After completing this module, you will be able to:
- Describe key Master Data Services concepts
- Implement a Master Data Services model
- Use Master Data Services tools to manage master data
- Use Master Data Services tools to create a master data hub
Module 10: Extending SQL Server Integration Services
This module describes the techniques you can use to extend SSIS. The module is not designed to be a comprehensive guide to developing custom SSIS solutions, but to provide an awareness of the fundamental steps required to use custom components and scripts in an ETL process that is based on SSIS.

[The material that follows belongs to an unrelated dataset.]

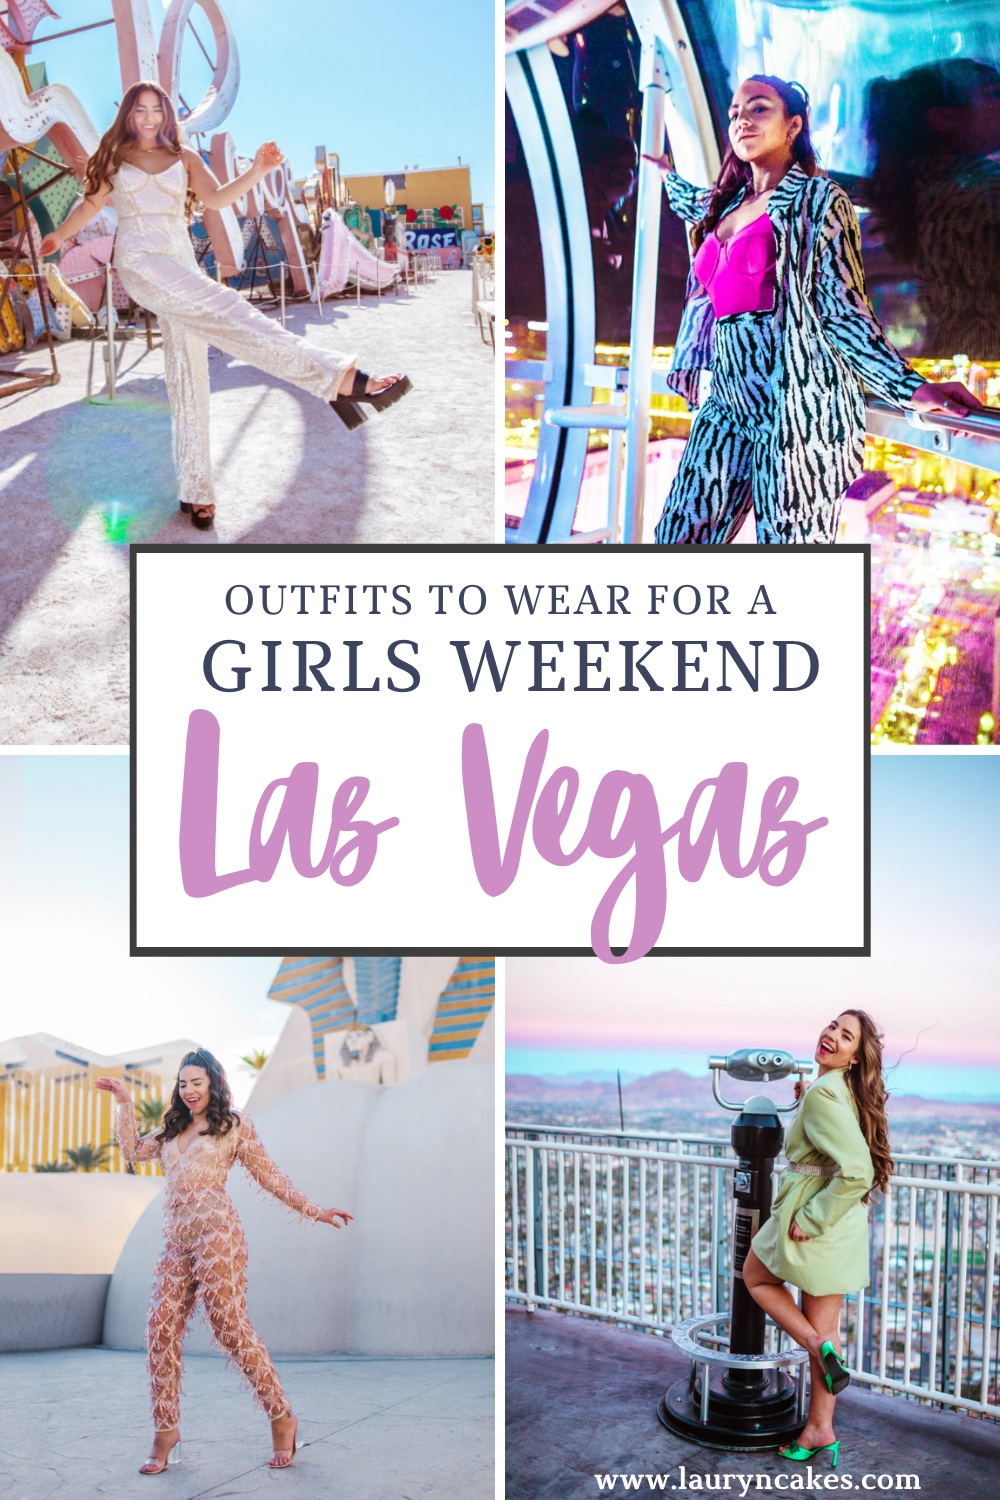 collages of four photos featuring style blogger and fashion influencer Lauryncakes in vegas clothing. Text over the images says, :outfits to wear for a girls weekend in Las Vegas"
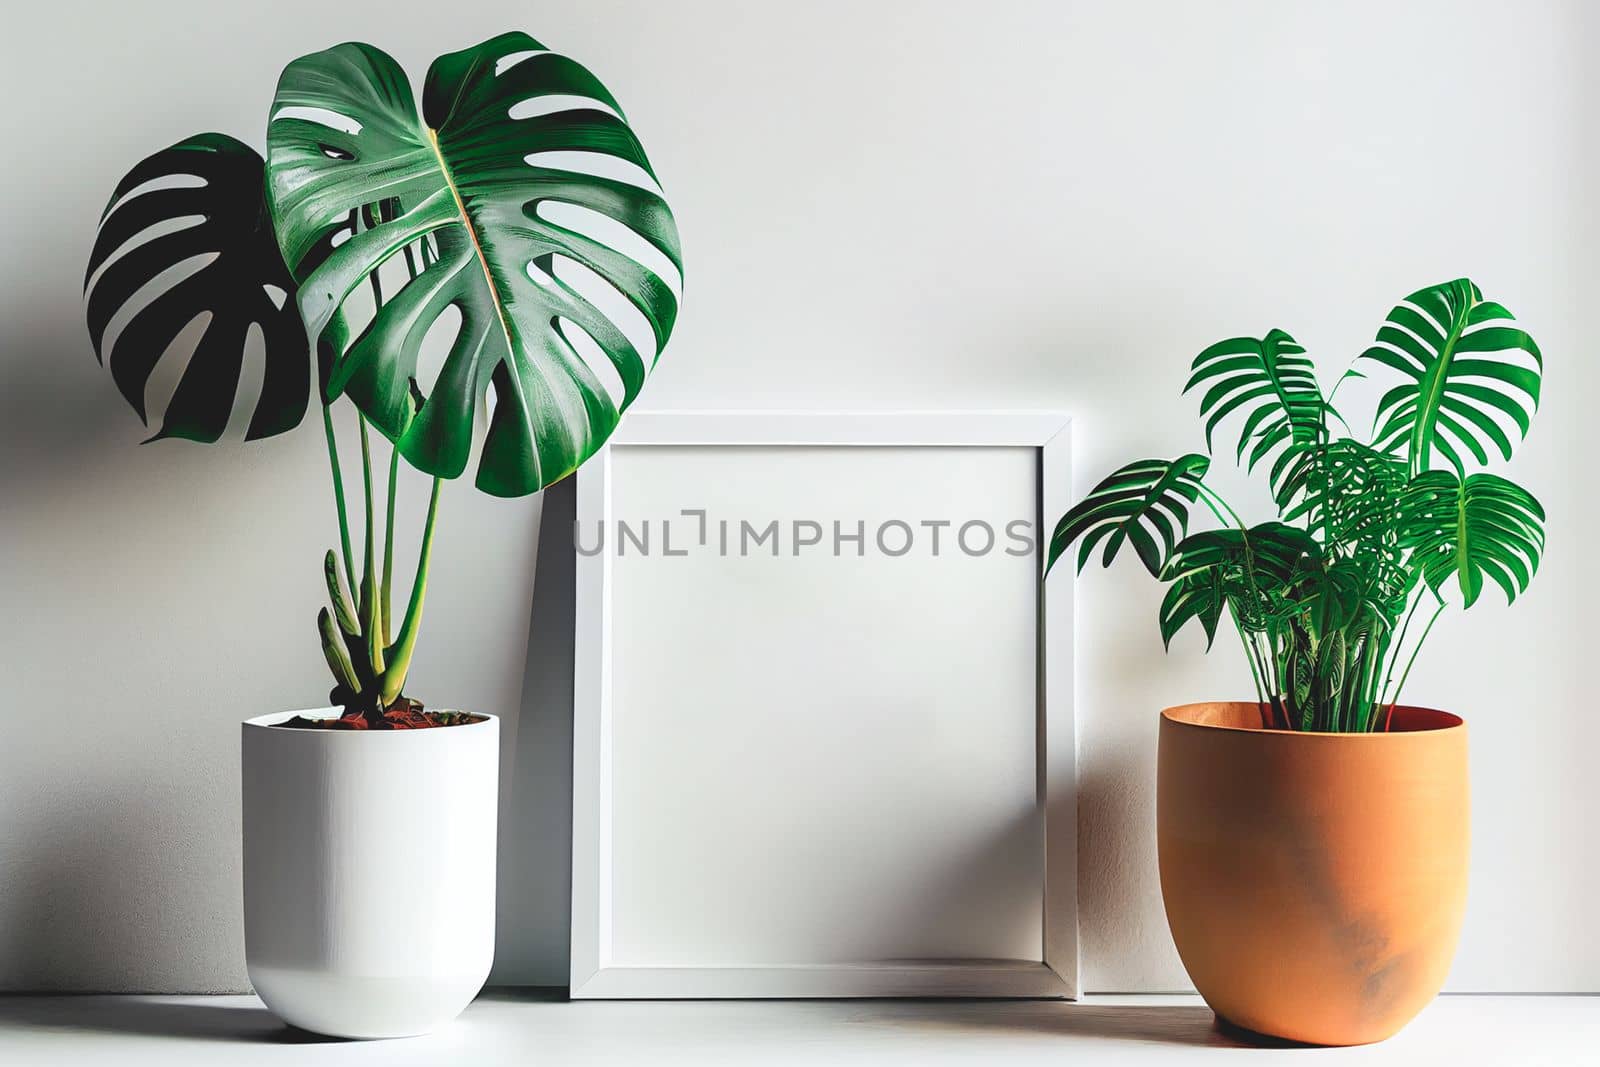 Mockup of empty frame displayed inside room interior with white wall background and monstera plant pot nearby by FokasuArt

After completing this module, you will be able to:
- Include custom scripts in an SSIS package
- Describe how custom components can be used to extend SSIS
Module 11: Deploying and Configuring SSIS Packages
In this module, students will learn how to deploy packages and their dependencies to a server, and how to manage and monitor the execution of deployed packages.
After completing this module, you will be able to:
- Describe considerations for SSIS deployment.
- Deploy SSIS projects.
- Plan SSIS package execution.
Module 12: Consuming Data in a Data Warehouse
This module introduces business intelligence (BI) solutions and describes how you can use a data warehouse as the basis for enterprise and self-service BI.
After completing this module, you will be able to:
- Describe BI and common BI scenarios
- Describe how a data warehouse can be used in enterprise BI scenarios
- Describe how a data warehouse can be used in self-service BI scenarios
Requirements:
This course requires that you meet the following prerequisites:
- At least 2 years’ experience of working with relational databases, including:
- Designing a normalized database.
- Creating tables and relationships.
- Querying with Transact-SQL.
- Some exposure to basic programming constructs (such as looping and branching).
- An awareness of key business priorities such as revenue, profitability, and financial accounting is desirable.